With my draw at around 30 inch I always go for the stiffer spine (340 when the charts say 400) And I prefer twin cam Single cam just doesn't work for me.


----------



## vkrules (Aug 31, 2009)

NeilM said:


> Forgot to mention spine: This is a little strange; all my bows are set around 60 lbs with a 30.5" DL and up until now, they all worked well with 400 spine arrows. The Shadowcats do not shoot well with 400 spine at all, and so I have moved to 340 spine. Even then, the Lightspeed arrows I have used for many years are a little too soft in a 340 spine, they shoot well enough, but you can see the tail swing out when I loose. The Sky Art Carbons I tried (because they were light) show no signs of being soft (too limber) and shoot extremely accurately.
> 
> So, watch the changeover point on any manufacturers chart, as you may need to go a little stiffer to get good flight. Of course, it is all in the loose and the cleaner you can get that, the more the bow will tolerate a slightly stiffer arrow.

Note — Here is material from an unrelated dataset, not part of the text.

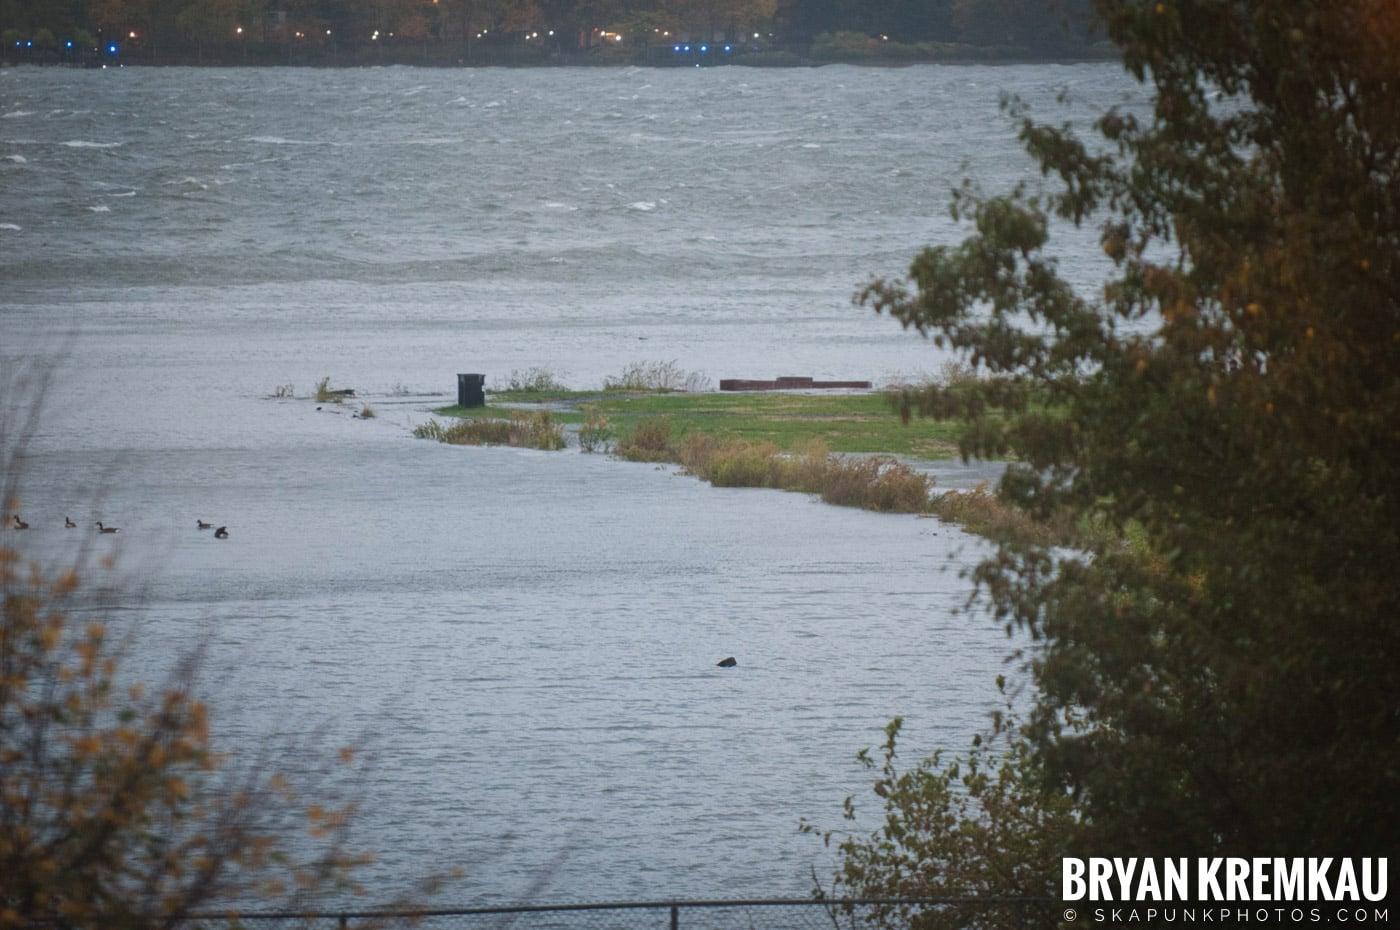 Hurricane Sandy 2012 @ Paulus Hook, Jersey City - 10.29.12 - 10.30.12 (57)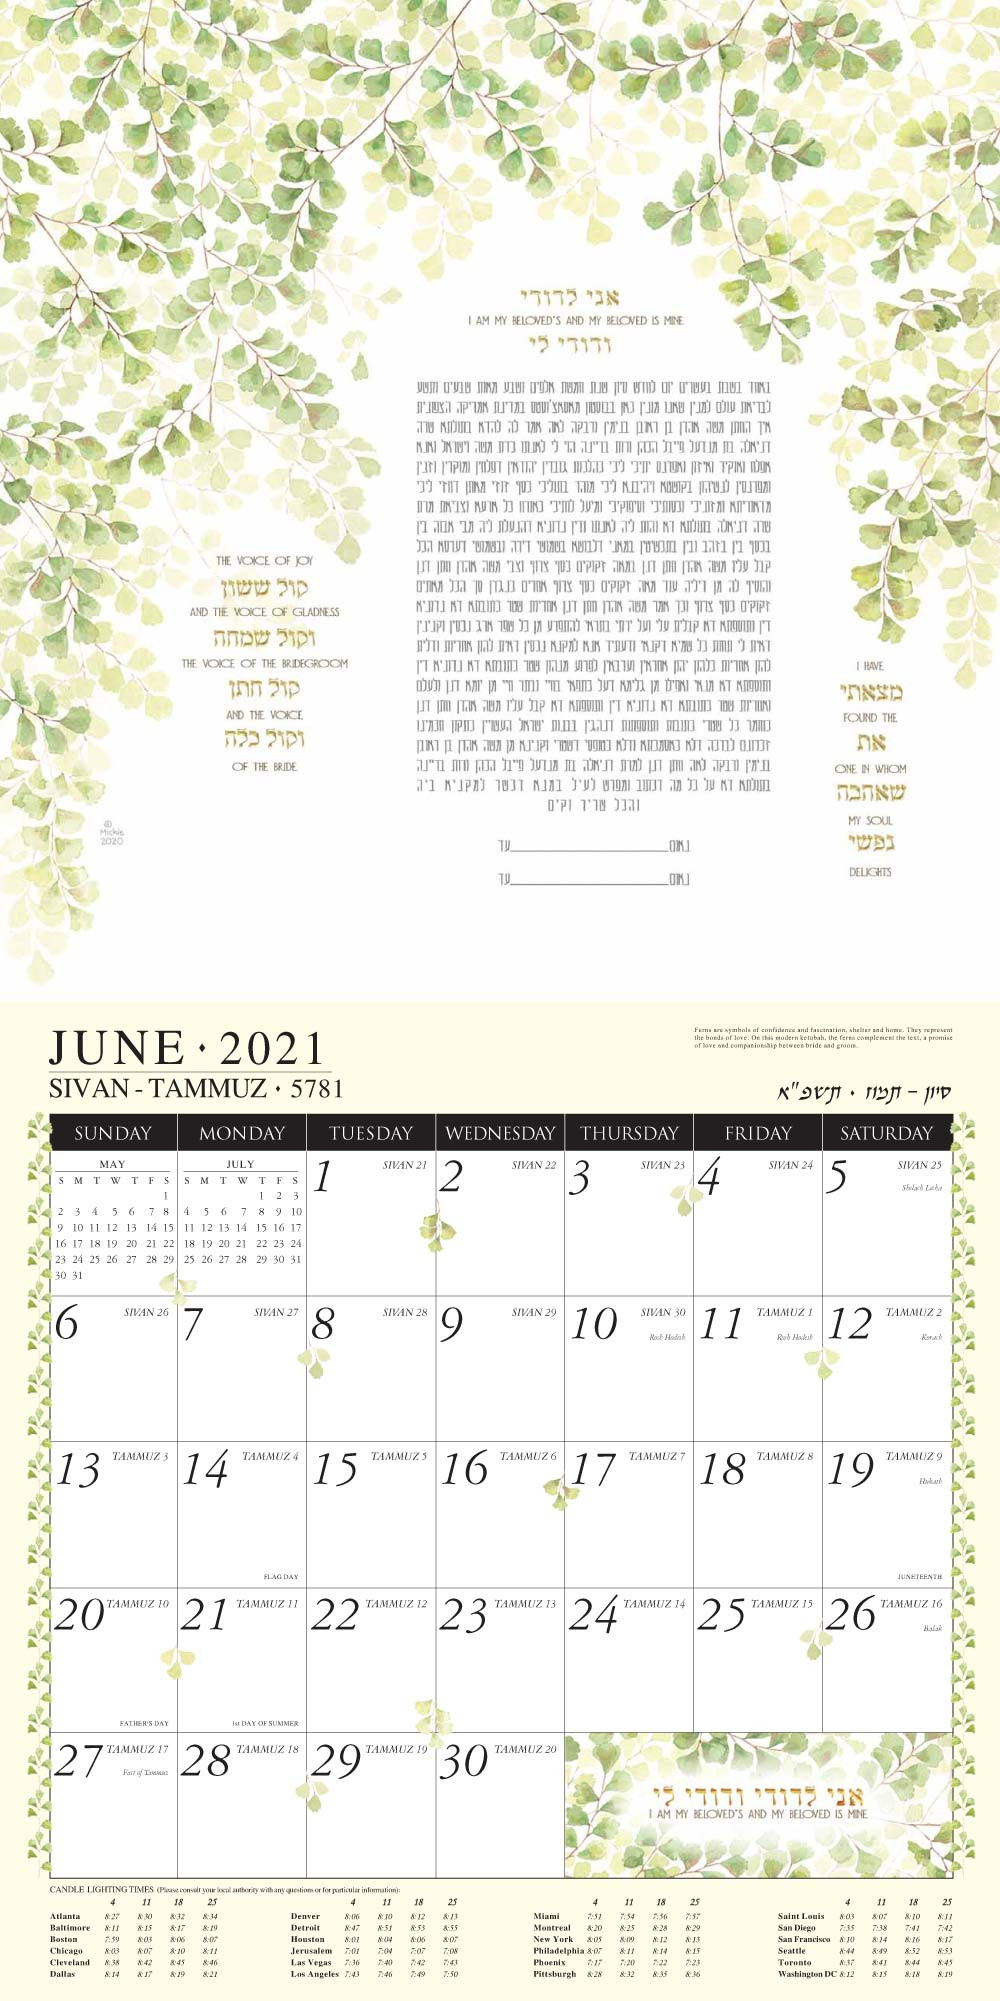 Jewish Art Calendar 2021 By Mickie - Caspi Cards & Art-Pic Of Hebrew Calendar June 2021

 Neil I get the same results as you 60lb 30 inch use 340s with the cat and other bows with agro cams. Can make the 400s work with real light points but foc is to far back and groups suffer.


----------



## red44 (Apr 11, 2005)

BOHO, you looking at an Icon?


----------



## NeilM (May 22, 2006)

b0w_bender said:


> But I prefer a lower let off 60-65% I want the bow to rip the string from my fingers.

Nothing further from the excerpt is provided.